Smith & Nephew , Europe's largest artificial hip and knee maker, missed third-quarter earnings expectations as its orthopaedics business was squeezed by an adverse sales mix and high costs not appropriate in subdued market conditions.

The company, which also has Endoscopy and Advanced Wound Management units, posted top-line growth of 10 percent, taking revenue to a better-than-expected $1.03 billion (643.14 million pounds).

Trading profit, however, fell 9 percent to $205 million, and adjusted earnings per share edged up by just 0.6 percent to 16.2 cents.

Chief Executive Olivier Bohuon said he was disappointed with the group's margin performance, with Orthopaedics overshadowing Endoscopy and Advanced Wound Management.

We are taking the steps necessary to reduce a cost base in Orthopaedics that is too high for on-going market conditions, he said.

I expect to see material improvements from Q4 onwards and am confident that the Group will deliver a Q4 trading profit margin above 24 percent.

Its trading margin in the third quarter was 19.8 percent.
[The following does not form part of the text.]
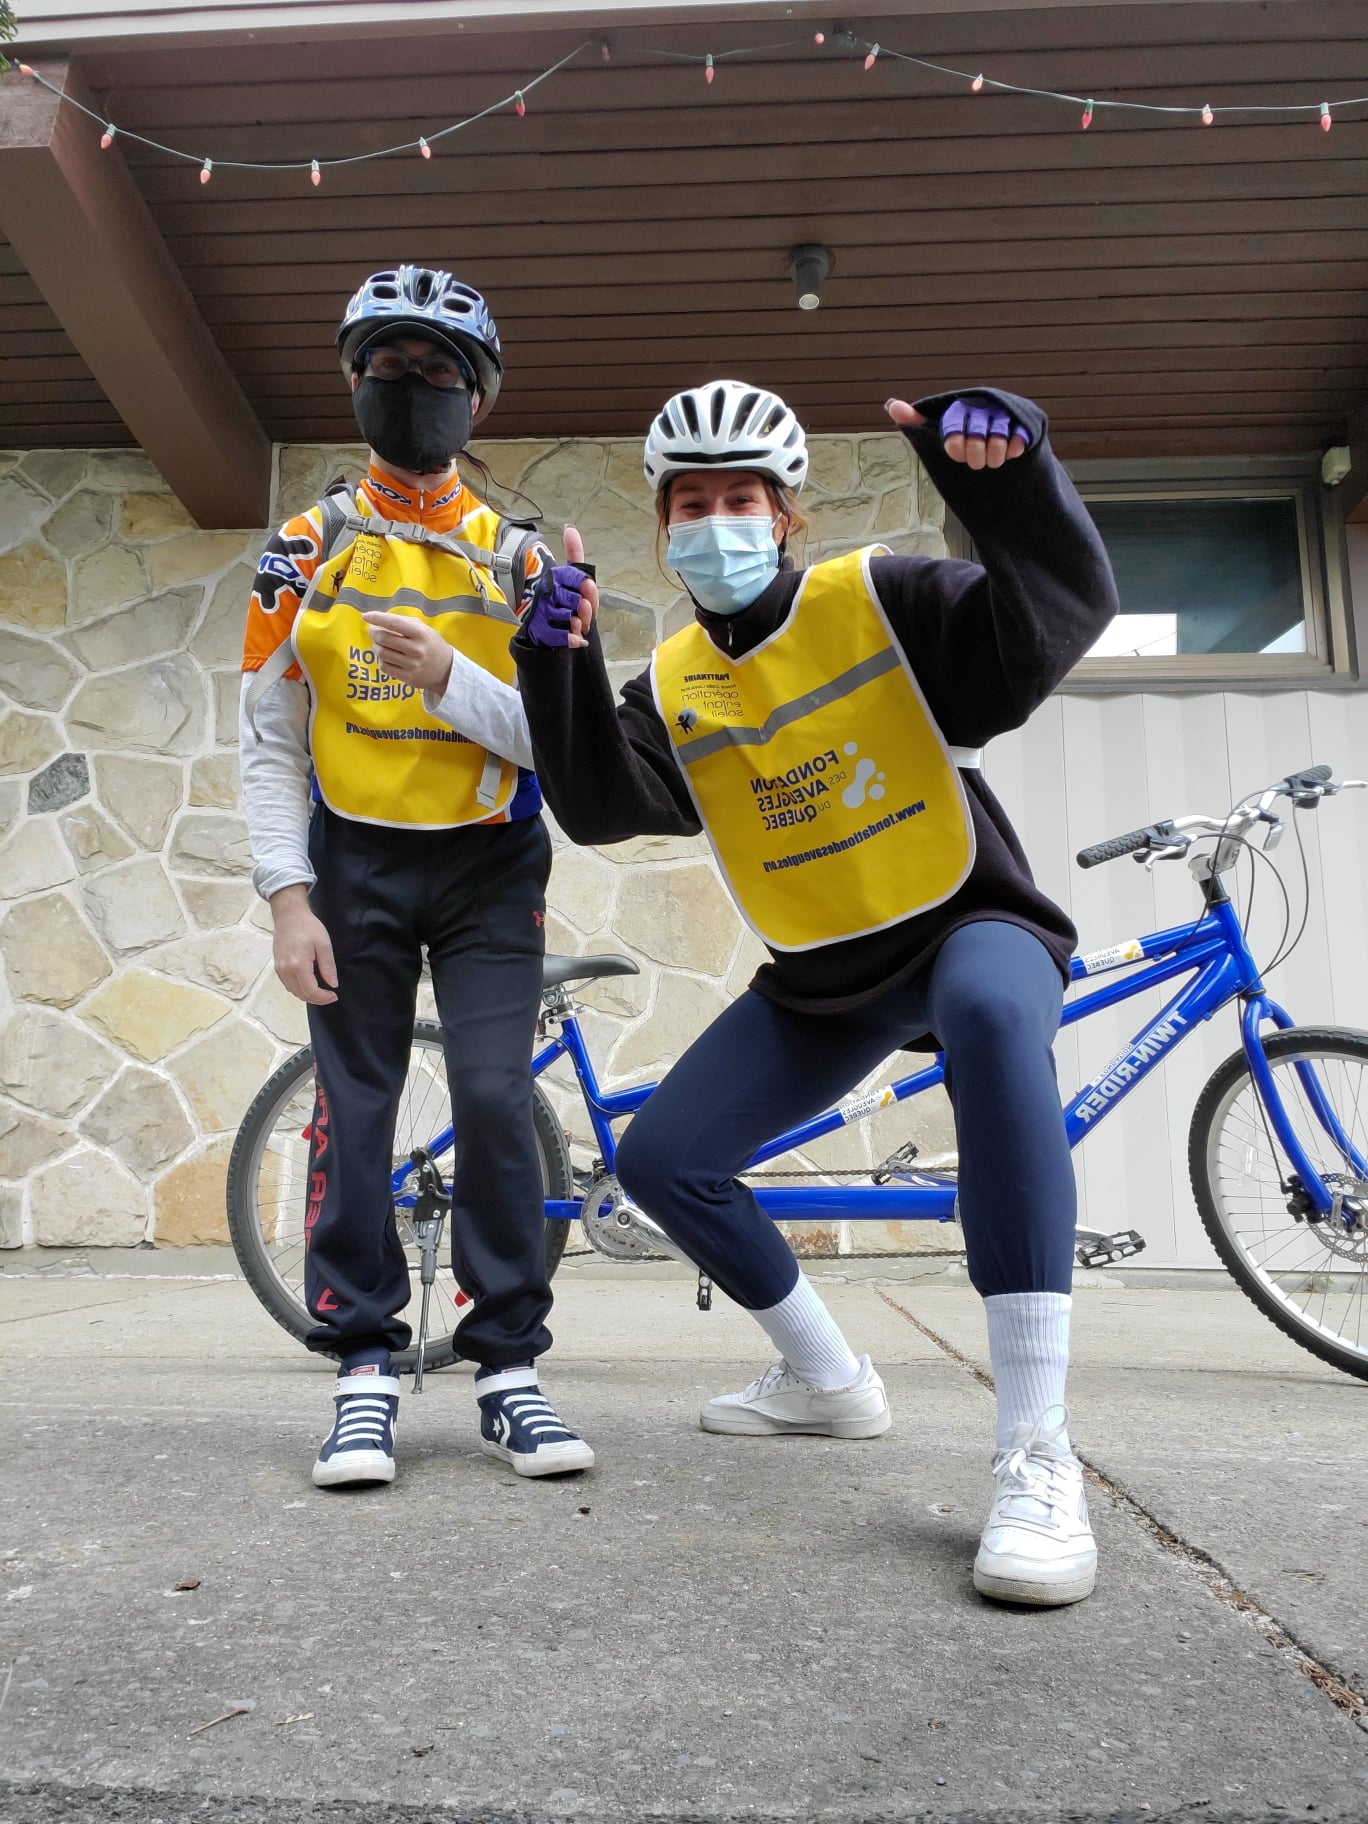 Un égo portrait d’une accompagnatrice avec les pouces levés et un participant. Un vélo-tandem est visible en arrière-plan.

Smith & Nephew, along with its competitors, has been hit by low demand for hip and knee replacements as people put off elective procedures because of worries about job losses.

Last month, competitor Zimmer said third-quarter U.S. sales were flat, while growth in Europe and Asia was flattered by currency. It was the same story at Johnson & Johnson's DePuy unit, and Stryker reported continued softness in reconstructive markets.

Analysts expected Smith & Nephew to report revenue of $1.02 billion and earnings per share of $0.17, according to a Thomson Reuters I/B/E/S poll of eight brokers.